Bitterblue was recorded at five recording studios located in Germany, the UK and in the US. Bohlen wrote, recorded and produced his own songs, with Luis Rodríguez acting as co-producer on three tracks. Nik Kershaw, Giorgio Moroder David Yorath all wrote and produced their own songs. Songs written by Albert Hammond and Diane Warren were produced by Roy Bittan at Conway and A&M Studios in Los Angeles. Tyler recorded "Heaven Is Here" as a duet with Moroder, and "Till the End of Time" with Dan Hartman. Both songs were written by Moroder. Tyler also co-wrote the lyrics for "Whenever You Need Me" with David Madiran.

== Critical reception ==

Tomas Mureika of AllMusic rated the album three and a half stars out of five, describing the album as "a pleasant collection of pop tunes." He opined that her pairing with Giorgio Moroder "[gave] Tyler's work a contemporary sheen that frames her vocals within the songs." Mureika concluded that Bitterblue is "better than most pop records," but not as strong as her work with Jim Steinman and Desmond Child.
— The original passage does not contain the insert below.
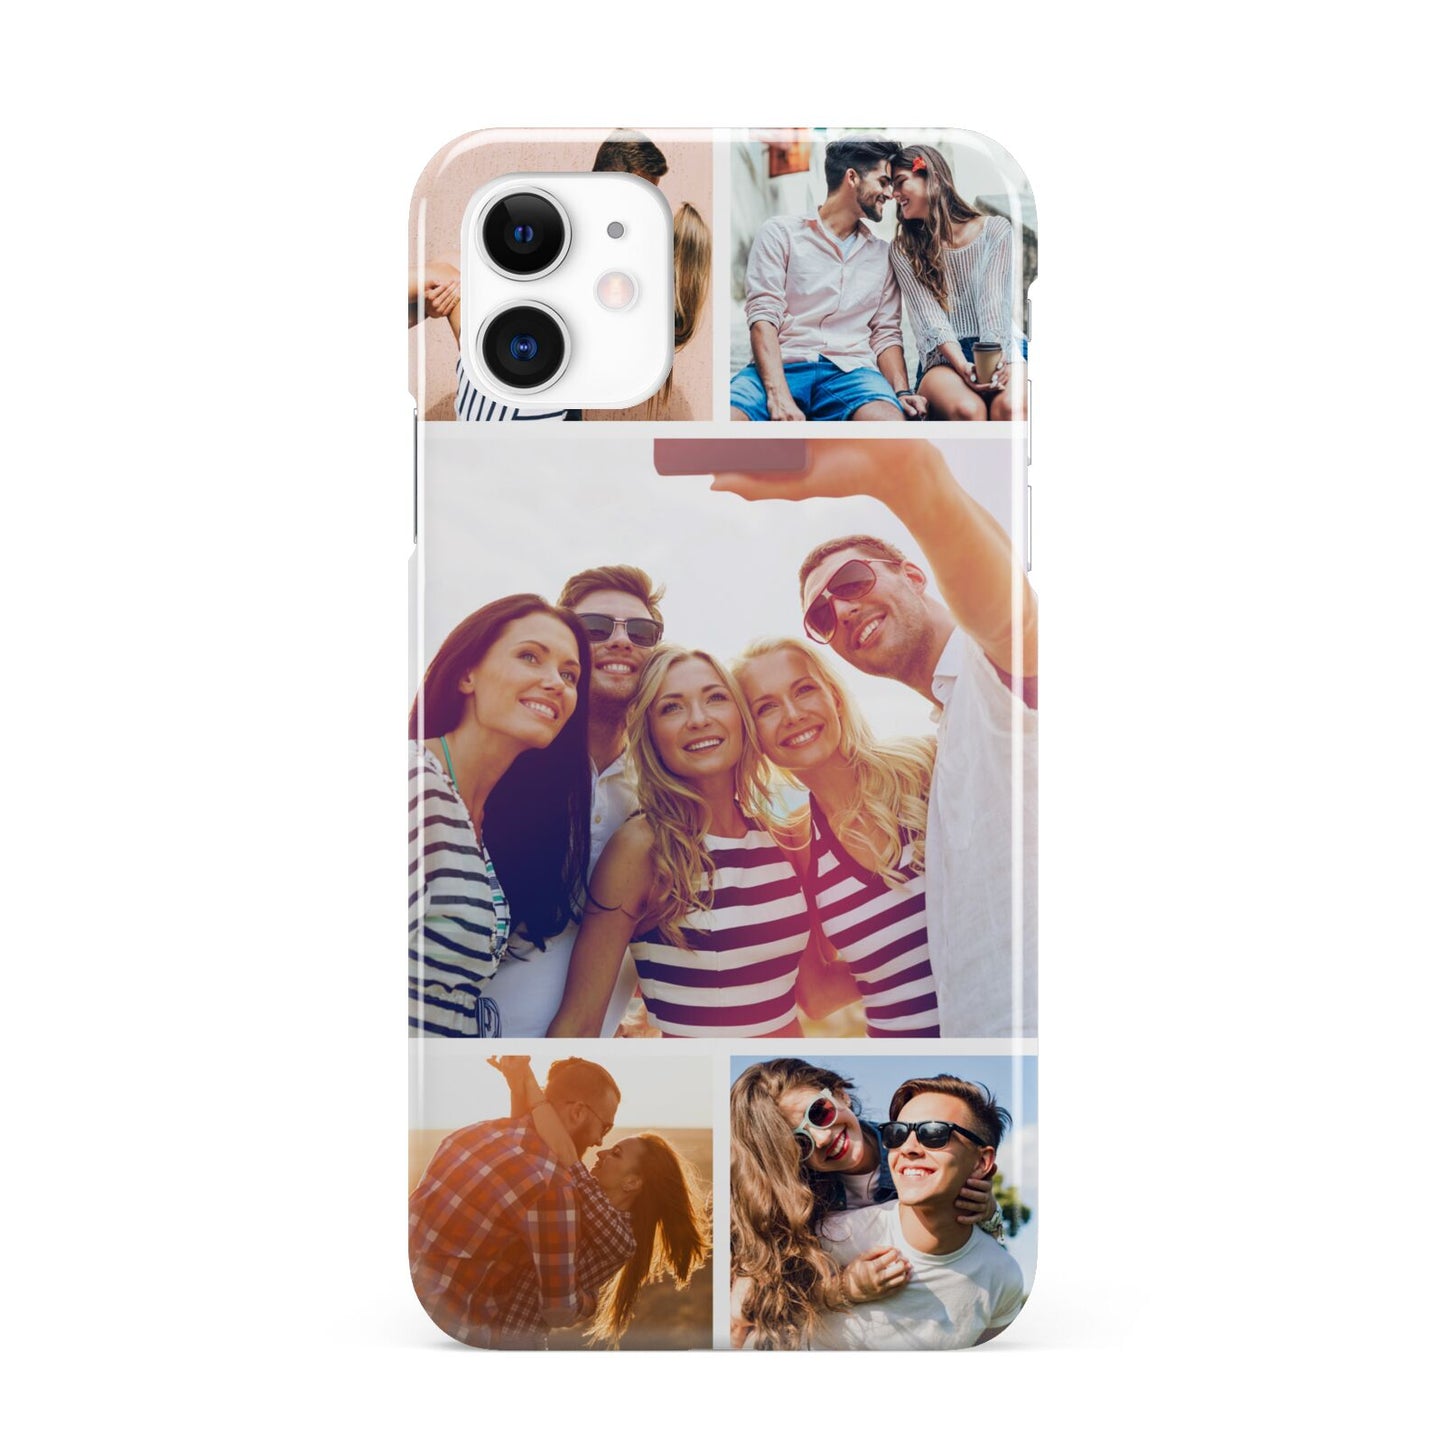 Tile Photo Collage Upload iPhone 11 3D Snap Case

In a review of the lead single, Billboard criticised Bohlen's production; "bombastic production, with a rush of bagpipes and a choir of chirping children at the forefront, overpower Tyler's distinctive raspy voice."

Professional ratings
Review scores
| Source | Rating |
| AllMusic | Star Half star |

== Track listing ==

| No. | Title | Writer(s) | Producer(s) | Length |
|---|---|---|---|---|
| 1. | "Bitterblue" | Dieter Bohlen | Bohlen | 3:50 |
| 2. | "Against the Wind" | Bohlen | Bohlen; Luis Rodríguez; | 3:59 |
| 3. | "Careless Heart" | Albert Hammond; Roy Orbison; Diane Warren; | Roy Bittan | 4:33 |
| 4. | "Whenever You Need Me" | David Yorath; Bonnie Tyler; David Madiran; | Yorath | 4:04 |
| 5. | "Where Were You" | Hammond; Holly Knight; | Bittan | 5:12 |
| 6. | "Save Me" | Hammond; Warren; | Bittan | 4:09 |
| 7. | "He's Got a Hold On Me" | Nik Kershaw | Kershaw | 4:15 |
| 8. | "Keep Your Love Alive" | Giorgio Moroder; Tom Whitlock; | Moroder | 4:24 |
| 9. | "Tell Me the Truth" | Bohlen | Bohlen; Rodríguez; | 3:48 |
| 10. | "Heaven Is Here" (with Giorgio Moroder) | Moroder; Whitlock; | Moroder | 4:40 |
| 11. | "Love Is in Love Again" | Moroder; Whitlock; | Moroder | 4:40 |
| 12. | "Till the End of Time" (with Dan Hartman) | Moroder; Whitlock; | Moroder | 4:03 |
| 13. | "Too Hot" | Bohlen | Bohlen | 3:27 |
| 14. | "Why" | Bohlen | Bohlen; Rodríguez; | 3:56 |
| Total length: |  |  |  | 58:40 |

== Personnel ==
Credits adapted from AllMusic.

Technical and Design
- Dieter Bohlen (as Howard Houston) – recording (1, 13), mixing (1, 13)
- Dieter Bohlen – recording (2, 9, 14), mixing (2, 9, 14)
- Luis Rodriguez – recording (2, 9, 14), mixing (2, 9, 14)
- Phil Kaffel – engineer and recording (3, 5, 6), mixing (3, 5, 6)
- David Yorath – recording (4), mixing (4)
- Stuart Bruce – recording (7), mixing (7)
- Brian Reeves – engineer (8, 10, 11, 12), mixing (8, 10, 11, 12)
- Giorgio Moroder – mixing (8, 10, 11, 12)
- Thomas Sassenbach – art direction
- Aaron's Outfit – design
- Ariola – design
- Markus Amon – photography
- Jeff Weiss – photography
- David Aspden – management

Musicians and Vocals
- Bonnie Tyler – vocals
- Dan Hartman – vocals (12)
- Giorgio Moroder – programming (8, 10, 11, 12) - vocals (10)
- Roy Bittan – keyboards (3, 5, 6), arrangements (3, 5, 6)
- Richard Cottle – keyboards (7)
- Nik Kershaw – keyboards (7), programming (7), guitars (7), arrangements (7)
- Scott Greer – programming (8, 10, 11, 12)
- John Pierce – guitars (3, 5, 6)
- Waddy Wachtel – guitars (3, 5, 6)
- Tim Pierce – acoustic guitar (3, 5, 6)
- Teddy Castellucci – guitars (8, 10, 11, 12)
- Randy Jackson – bass (3, 6, 6)
- Kenny Aronoff – drums (3, 5, 6)
- Gary Herbig – saxophone (8, 10, 11, 12)
- Dieter Bohlen – arrangements (as Howard Houston on 1, 13), arrangements (2, 9, 14)
- David Yorath – arrangements (4)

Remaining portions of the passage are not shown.